The gist of my problem is that the wiring is screwed up.

I initially thought that I would switch from Dish Network to directTV. The tech came and tried to install the directTV stuff. I say try to because he failed at it. However, in the process he screwed up the Dish network wiring. I then decided that if DirectTV was not right for me for a variety of reasons. Therefore, I am trying to go back to dish network.

I have a SD receiver (DP301) with three ports on the back satellite IN, Cable/TV In, and TV set out. This is a ECHOSTAR receiver as I get some international channels. I have a Dish PLUS with three wires going into a DP34 switch from which one cable comes out and goes to the outdoor cable box.

My questions:
1.) How are the DP34 switch inputs determined (which one is one, two, etc)

2.) We have 5 cable jacks in my house. I originally had a red cable splitter type device with two inputs (VHF/UHF and SAT) both in the cable box and in the house by the receiver. My cable box has one wire coming in for CABLT TV and INTERNET and the other dish network wire. Does it matter if the splitter-type device in the cable box outside is at the beginning before the one cable TV/INTERNET wire is split into three or does it have to be at the jack to the one port where I want satelite.

3.) The Direct TV tech stole one of the two red splitter-type devices. Would this one from amazon be a suitable replacement? [edit can't post links] It is this amazon item: "RCA Antenna Satellite Diplexer Splitter" by Parts Express

Thanks in advance for all the help.

SAI


----------



## gtal98 (Jan 30, 2011)

saidada said:


> My questions:
> 1.) How are the DP34 switch inputs determined (which one is one, two, etc)
> 
> 2.) We have 5 cable jacks in my house.
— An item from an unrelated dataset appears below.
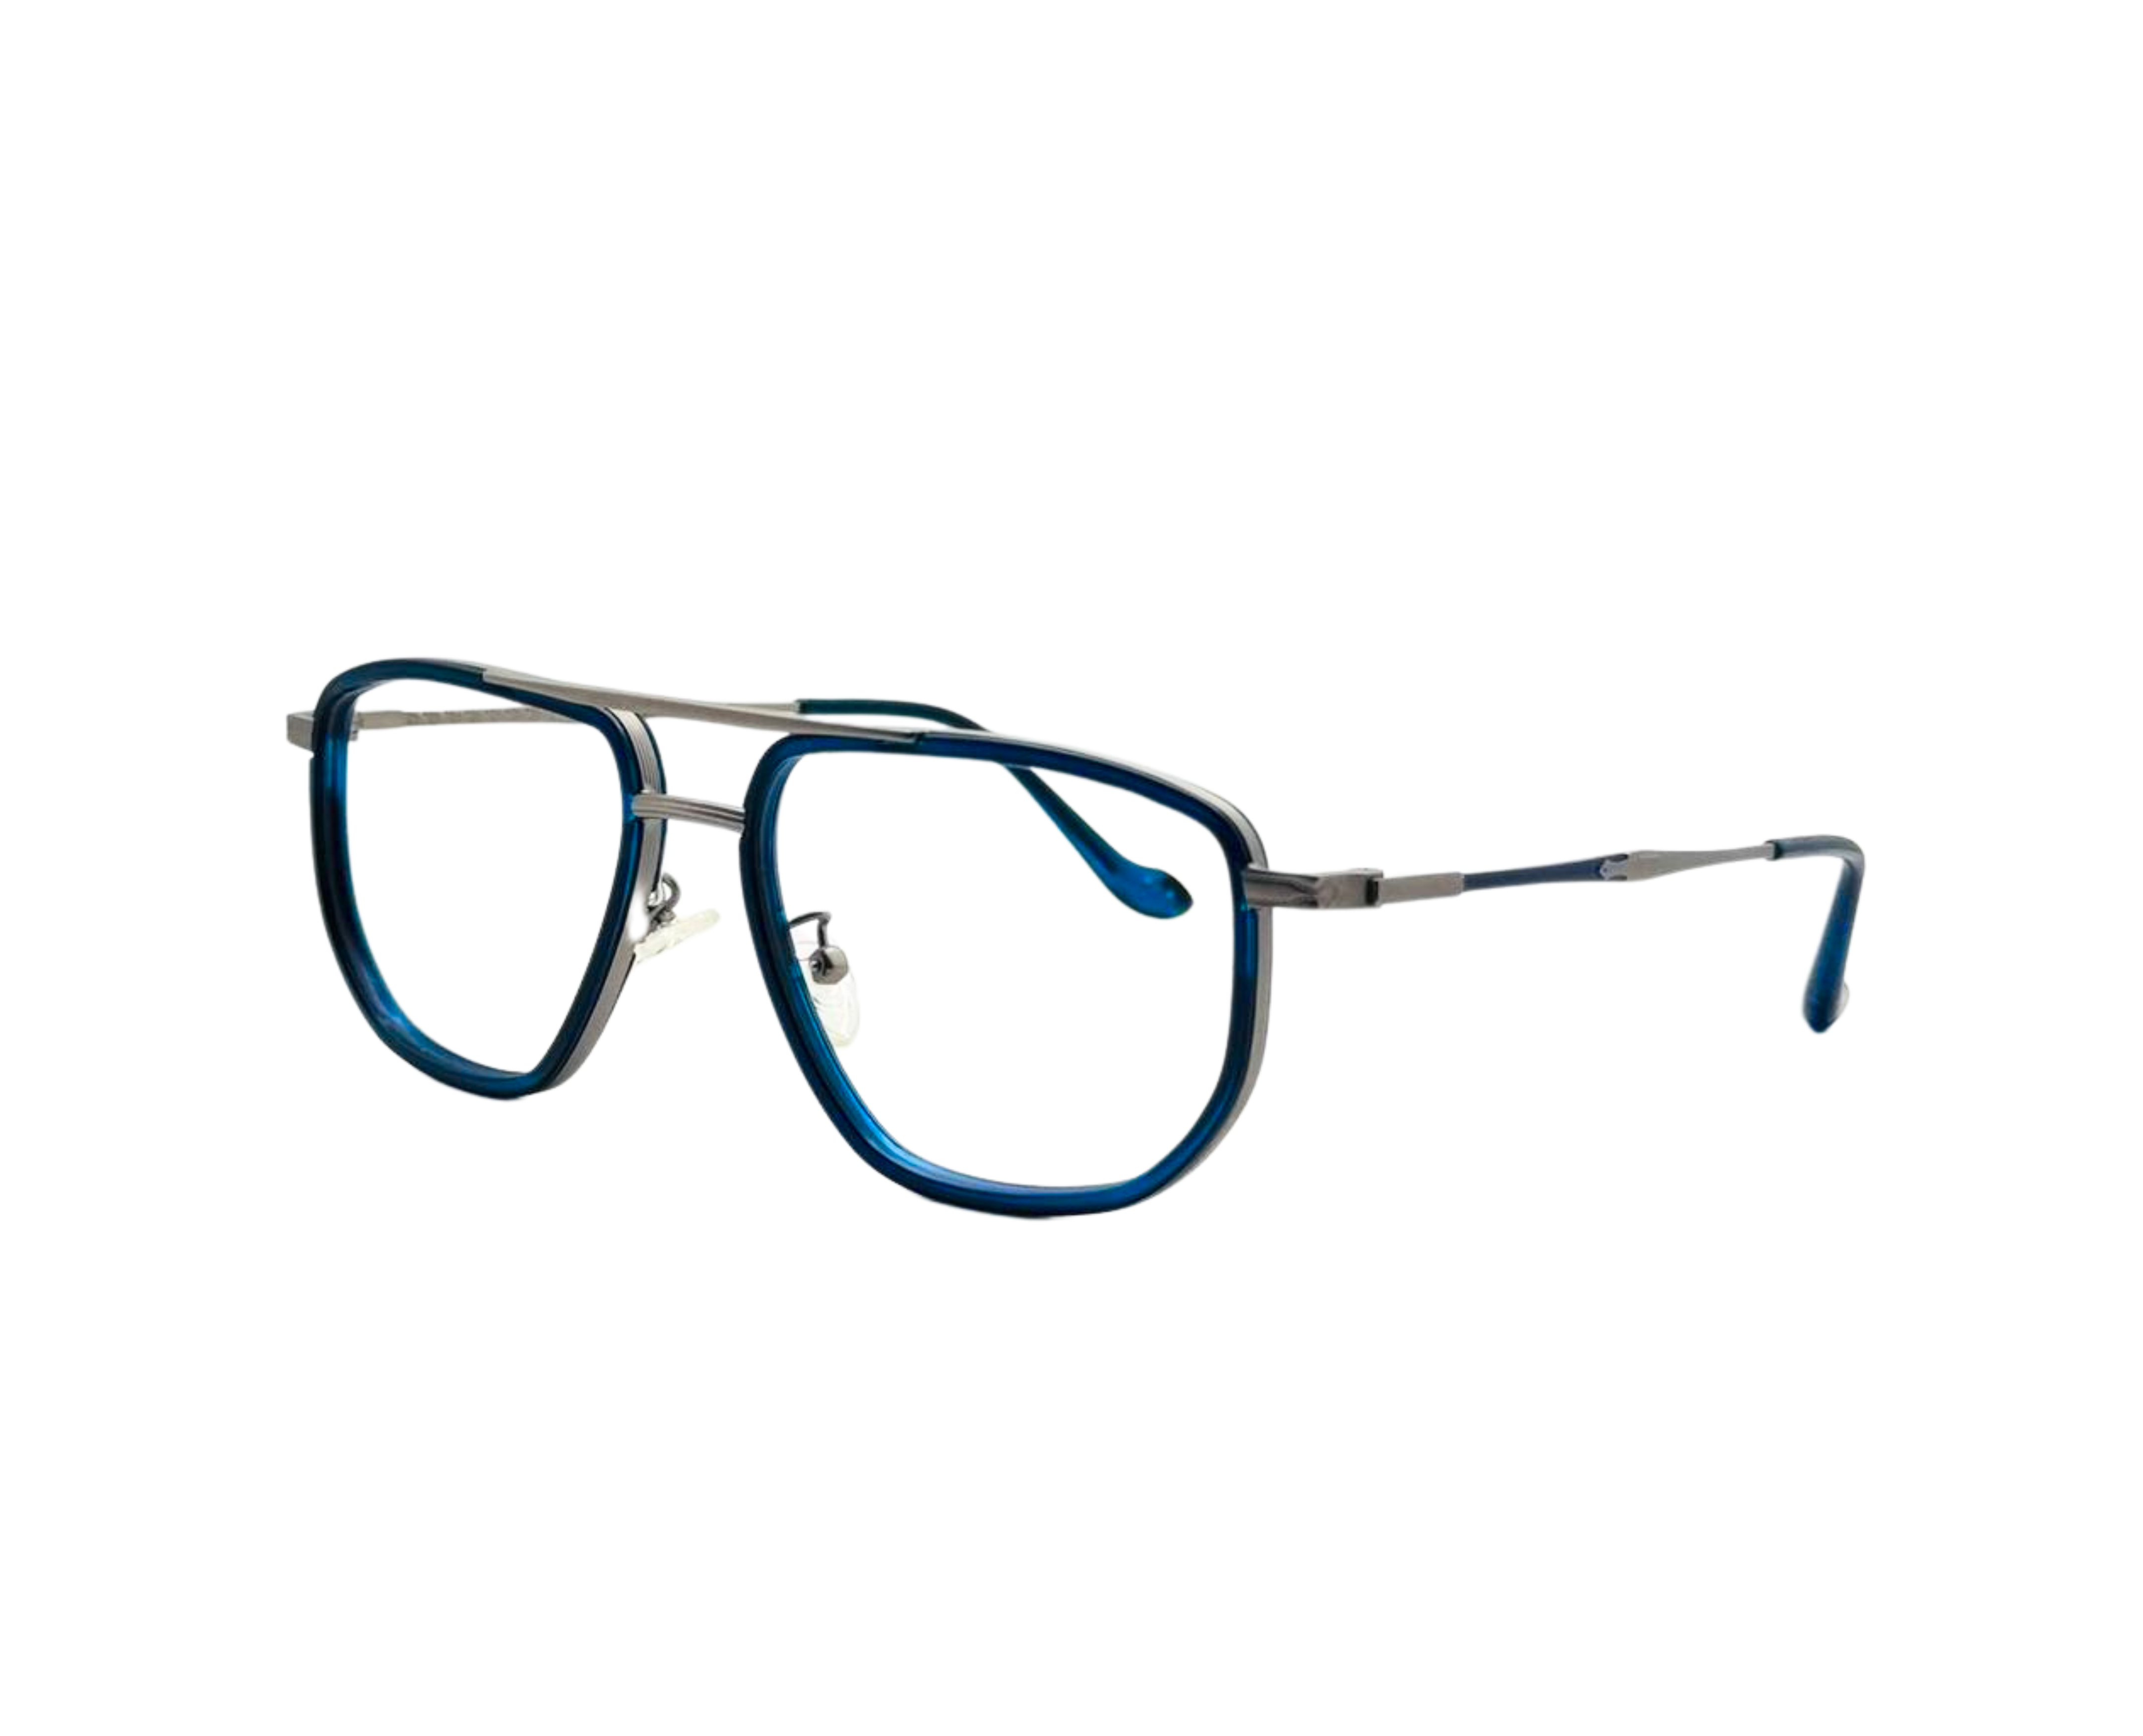 NS Deluxe - 805 - Blue - Eyeglasses

I originally had a red cable splitter type device with two inputs (VHF/UHF and SAT) both in the cable box and in the house by the receiver. My cable box has one wire coming in for CABLT TV and INTERNET and the other dish network wire. Does it matter if the splitter-type device in the cable box outside is at the beginning before the one cable TV/INTERNET wire is split into three or does it have to be at the jack to the one port where I want satelite.
> ...


1. It doesn't really matter which order you connect the inputs to the 34SW, when you run a check switch the receiver will figure it out. That being said, conventional Dish setup is 119 on #1, 110 on #2, whatever else on #3 (I'm assuming either 61.5 or 118.7 in your case since you mentioned internationals.).
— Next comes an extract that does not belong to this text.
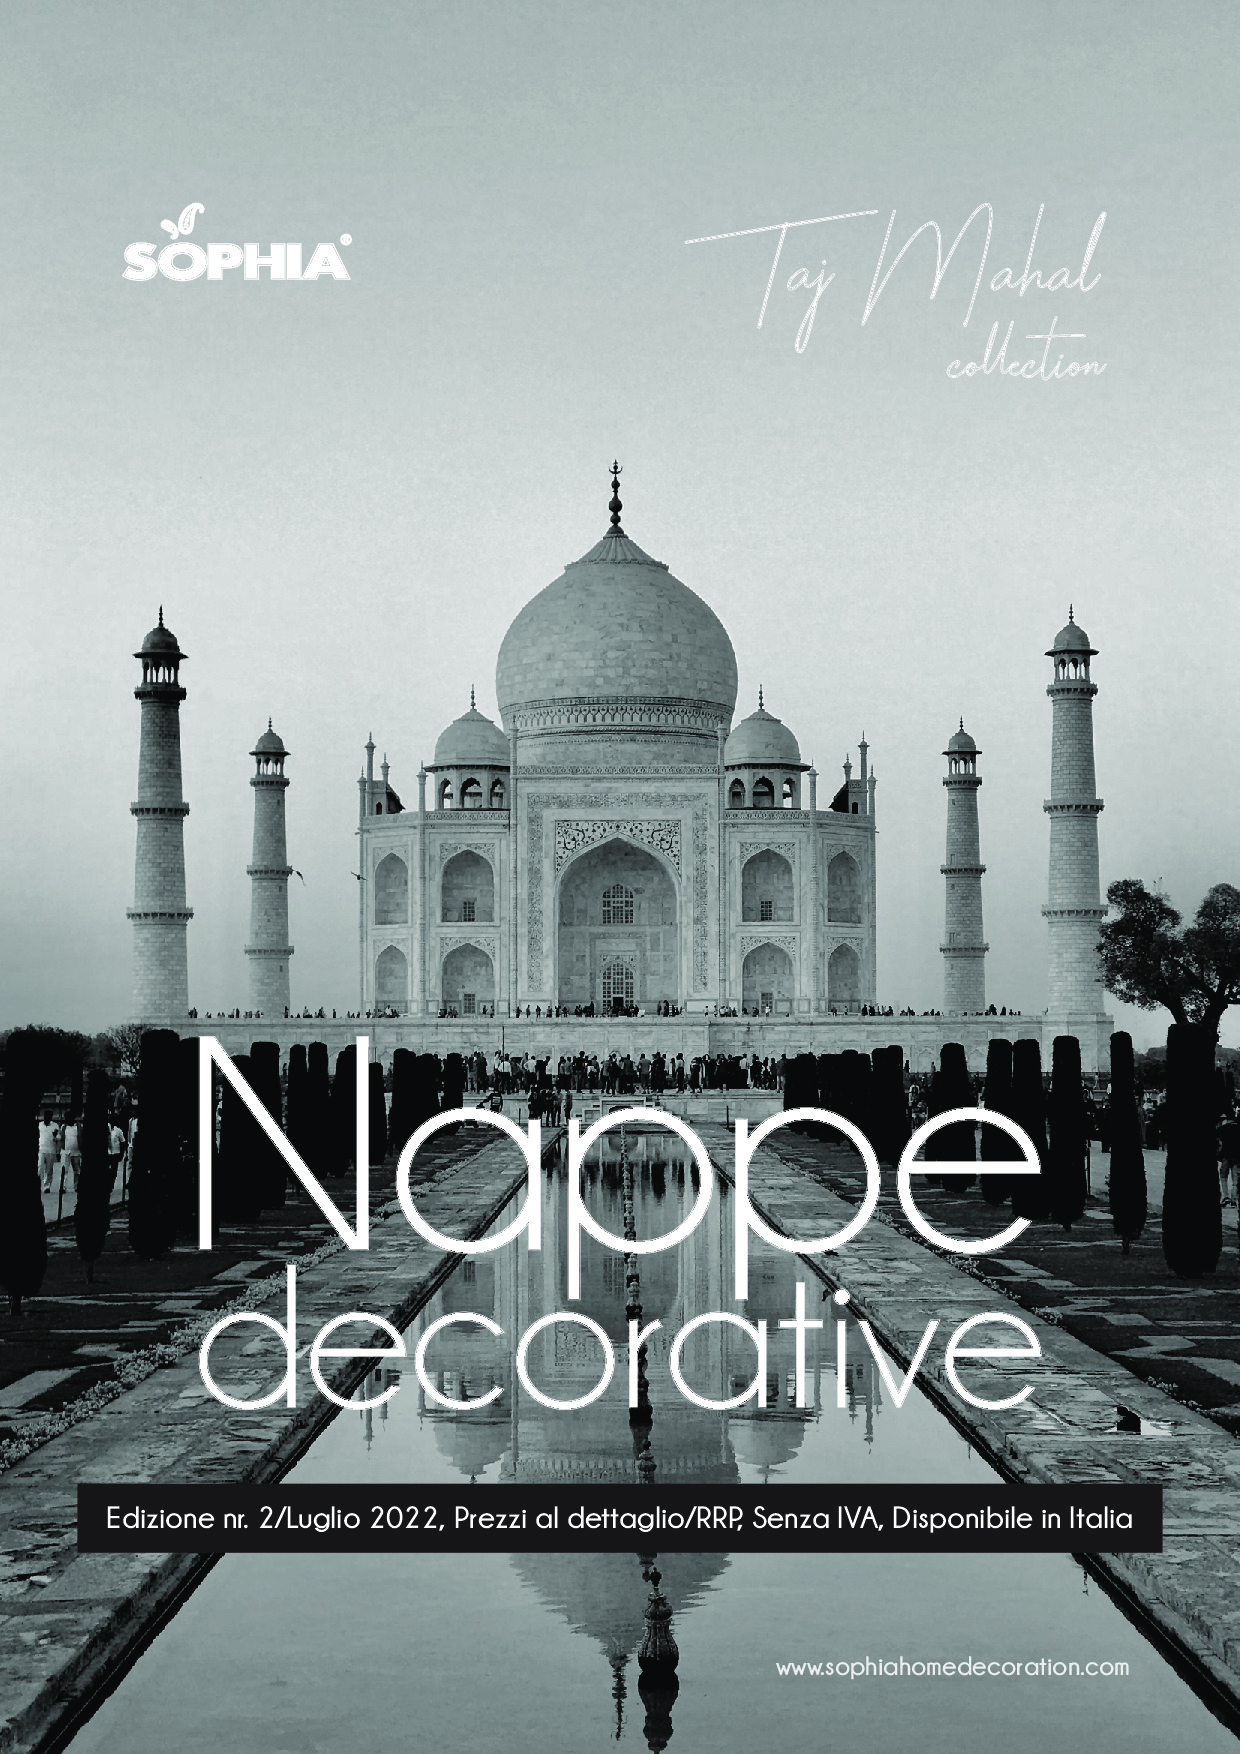 Nappe Decorative

2. The normal cable splitter must be before the Diplexer. In other words there can be nothing in the line connecting the 2 In/Out ports on the diplexers (straight through barrels/splices being the exception).
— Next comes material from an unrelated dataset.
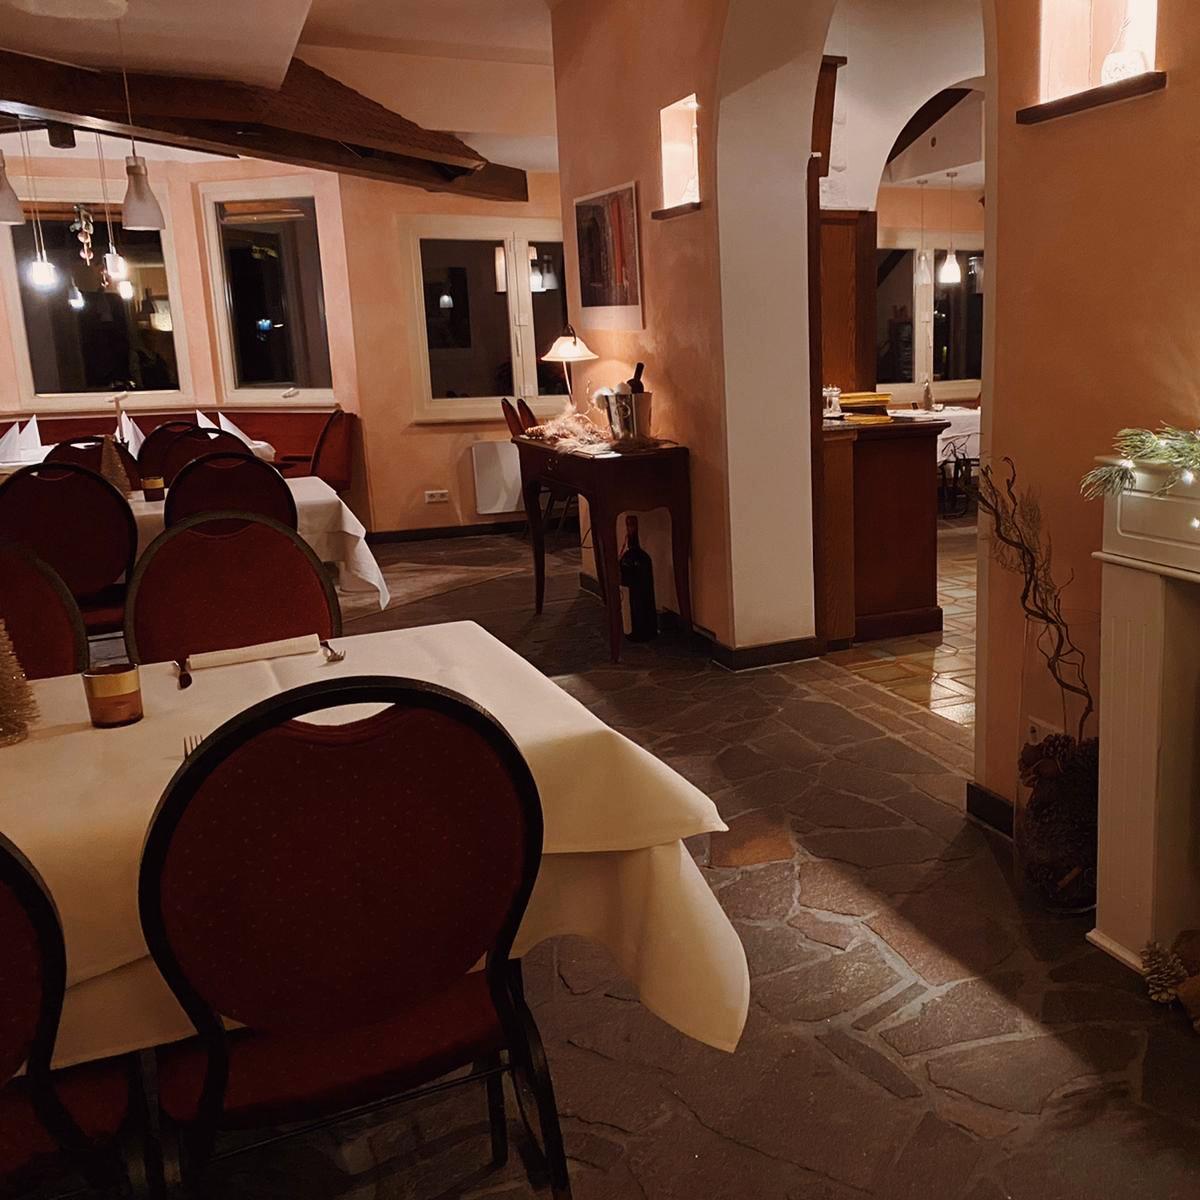 Restaurant "Hinterholz-Stube" in  Schiltach

Just to make sure you connect it right the line from the 34Sw goes to the Sat input, the line coming from the cable splitter goes to the UHF/VHF input, the In/Out port connects to the line running into the room where everything is hooked up.

Inside, the line coming from outside goes to the In/Out, Sat to the 301, VHF/UHF to your cable equipment.

3. Yes, that appears to be an acceptable replacement part.

However, the fact that you have a 301 receiver means you currently qualify for an "upgrade" to a 311 receiver at no charge to you since the 301's are being phased out. If you call Dish they should setup a workorder to fix this for you, and a Tech can come out and fix everything for you if you want.


----------



## Ray [email protected] Network (Dec 28, 2010)

saidada,

If you would PM your account information to me, I can look at your account for the options available to you. You can get a 311 replacement for the 301 but that is normally shipped to you. I'll look at your account after you provide that information to me. Thanks.


----------